4 – Cloud Computing and Disaster Avoidance

The Need for Distributed Cloud Networking

If Hot Standby disaster recovery solutions running in a traditional routed DCI network are still valid and are often part of the specifications of the enterprise, there are some applications and emerging services enabled with cloud computing that require an RTO and RPO of zero with a full transparent connectivity between the data centers.

These requirements have already been addressed, especially with the deployment of high-availability clusters stretched between multiple sites. However, the rapid evolution of business continuity for cloud computing requires us to offer more reliable and efficient DCI solutions to meet the flexibility and elasticity needs of the service cloud: dynamic automation and almost unlimited resources for the virtual server, network, and storage environment in a fully transparent fashion.

Disaster recovery is critical to cloud computing for two important reasons. First, physical data centers have “layer zero” physical limits and constraints such as rack space, power, and cooling capacity. Second, currently not many applications are written for the distributed cloud that accounts for the type of network transports and distances needed to exchange data between different locations.

DCI Solution with Resource Elasticity

To address these concerns, the type of network interconnection between the remote data centers that handles the cloud infrastructure needs to be as resilient as possible and must be able to support any new connections where resources may be used by different services.
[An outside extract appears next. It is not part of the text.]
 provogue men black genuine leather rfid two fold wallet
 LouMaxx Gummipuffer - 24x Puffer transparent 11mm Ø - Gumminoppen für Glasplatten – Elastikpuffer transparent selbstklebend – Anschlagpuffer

It should also be optimized to provide direct, immediate, and seamless access to the active resources dispersed at different remote sites.

The need for applications and services to communicate effectively and transparently across the WAN or metro network is critical for businesses and service providers using private, hybrid, or public clouds.

To support cloud services such as Infrastructure as a Service (IaaS), VDI/VXI, and UCaaS in a sturdy, resilient, and scalable network, it is also crucial to provide highly-available bandwidth with dynamic connectivity regardless of VM movement. This is true for the network layer as well as for the storage layer.

The latency related to the distances between data centers is another essential element that must be taken into account for the deployment of the DCI. Each service and function has its own criteria and constraints, so it relies on the application requiring the lowest latency to be used as a reference to determine the maximum distance between physical resources.

To better understand the evolution of DCI solutions, it is important to highlight one major difference when comparing the active/standby behavior between members of a high availability (HA) cluster and the live migration of VMs spread over multiple locations. Both software frameworks require LAN and SAN extension between locations.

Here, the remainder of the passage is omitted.